Rossi E, Merola B, Longobardi S, Esposito V, Tommaselli A P, Colao A, Lombardi G
Department of Molecular and Clinical Endocrinology and Oncology, Federico II University of Naples, Italy.
J Clin Endocrinol Metab. 1995 Jul;80(7):2251-4. doi: 10.1210/jcem.80.7.7608288.
In a previous study we demonstrated that, in children affected with isolated GH deficiency, an acute high-dose human recombinant GH (hrGH) treatment increases the 11-deoxycortisol and induces an IGF-I responsiveness to ACTH. The aim of the present study was to reevaluate, in the same children, the adrenal and IGF-I responsiveness to ACTH after a chronic replacement-dose GH therapy. Ten children (seven males and three females, mean age 7 years) affected with isolated GH deficiency underwent a synthetic ACTH 1-17 test before and after sc administration of human recombinant GH at a dose of 0.6 UI/kg/week for 3 months. After therapy, the 11-deoxycortisol responsiveness to ACTH significantly decreased compared with that observed after acute treatment (P < 0.001), and so it returned to baseline. No differences were detected in the responsiveness to ACTH of cortisol, dehydroepiandrosterone-sulphate, D4-androstenedione, and 17-hydroxyprogesterone. On the other hand, the chronic treatment induced an IGF-I responsiveness to ACTH (P < 0.001). In conclusion, our study demonstrates that, in isolated GH deficiency, replacement doses of hrGH do not modify the adrenal steroid basal levels or its responsiveness to ACTH, whereas both replacement and high doses of hrGH induce an IGF-I responsiveness to ACTH.

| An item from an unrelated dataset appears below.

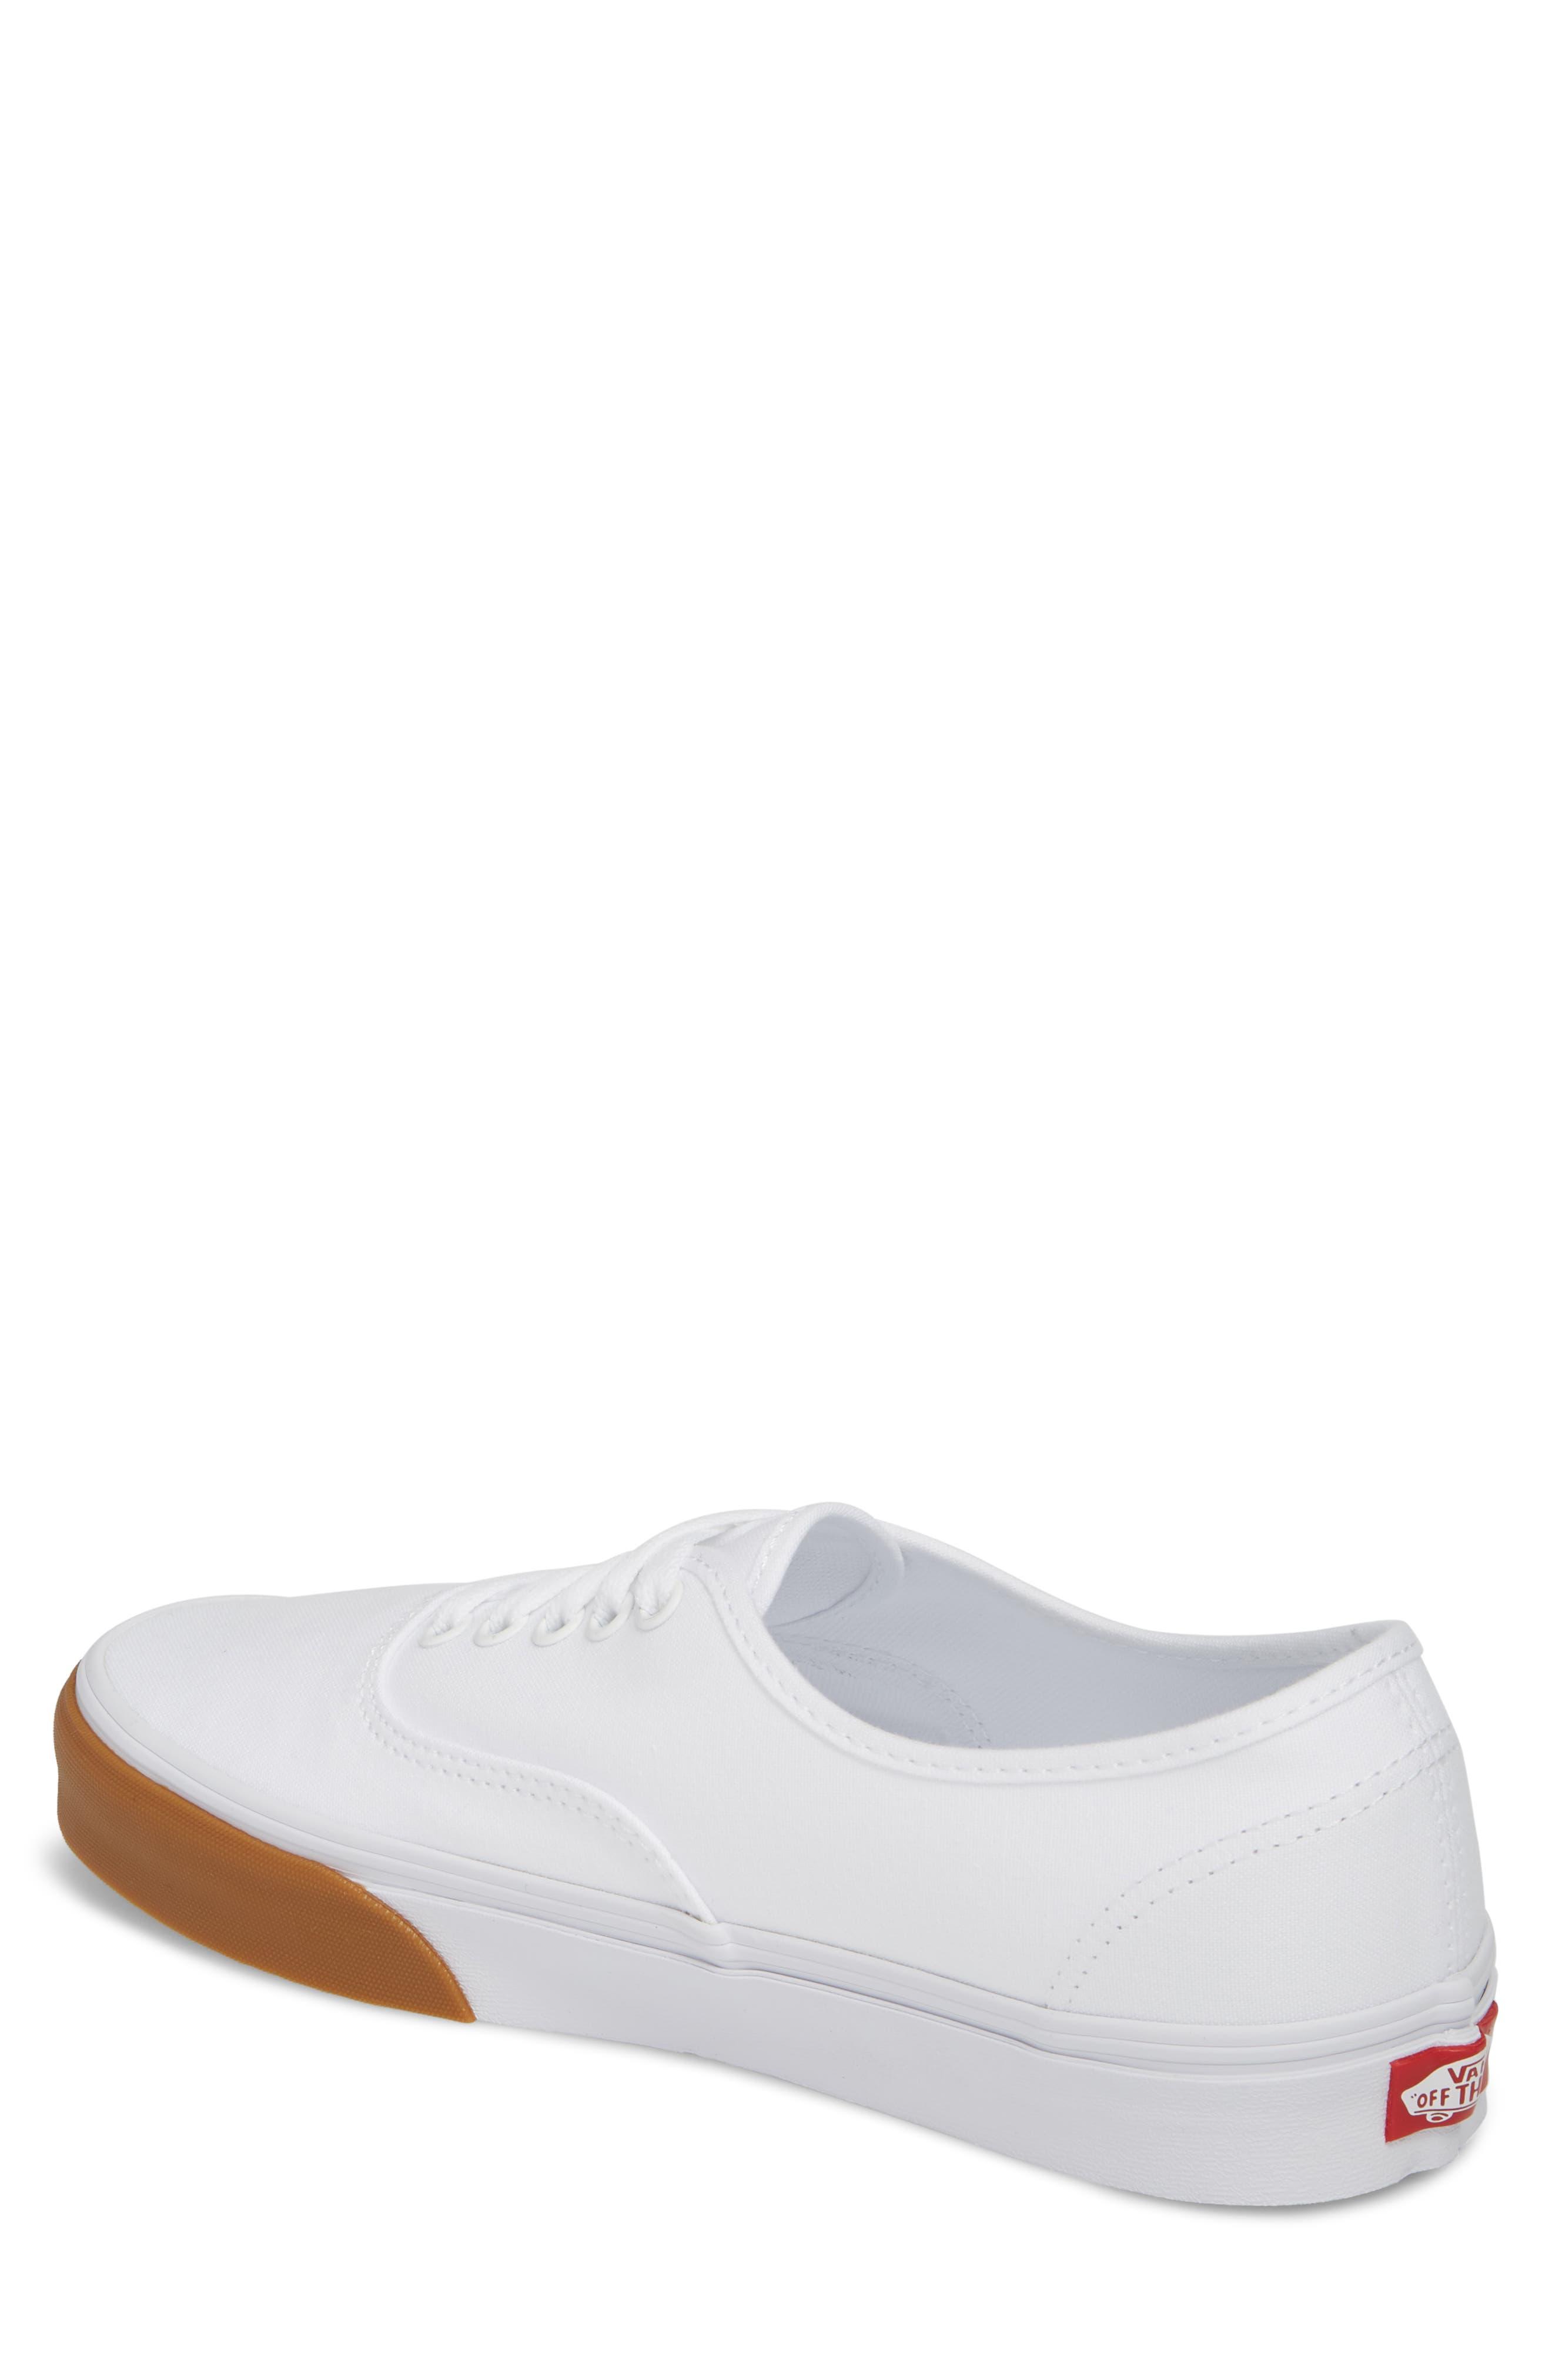 Authentic Gum Bumper Sneaker,                             Alternate thumbnail 2, color,                             True White/ True White

在之前的一项研究中,我们证明,在患有孤立性生长激素缺乏症的儿童中,急性大剂量人重组生长激素(hrGH)治疗可增加11-脱氧皮质醇,并诱导胰岛素样生长因子-I(IGF-I)对促肾上腺皮质激素(ACTH)产生反应。本研究的目的是在同一批儿童中,重新评估慢性替代剂量生长激素治疗后肾上腺和IGF-I对ACTH的反应性。10名患有孤立性生长激素缺乏症的儿童(7名男性和3名女性,平均年龄7岁),在皮下注射剂量为0.6 UI/kg/周的人重组生长激素3个月前后,接受了合成ACTH 1-17试验。治疗后,与急性治疗后相比,11-脱氧皮质醇对ACTH的反应性显著降低(P<0.001),因此恢复到基线水平。皮质醇、硫酸脱氢表雄酮、D4-雄烯二酮和17-羟孕酮对ACTH的反应性未检测到差异。另一方面,慢性治疗诱导了IGF-I对ACTH的反应性(P<0.001)。总之,我们的研究表明,在孤立性生长激素缺乏症中,hrGH替代剂量不会改变肾上腺类固醇基础水平或其对ACTH的反应性,而hrGH的替代剂量和高剂量均可诱导IGF-I对ACTH产生反应。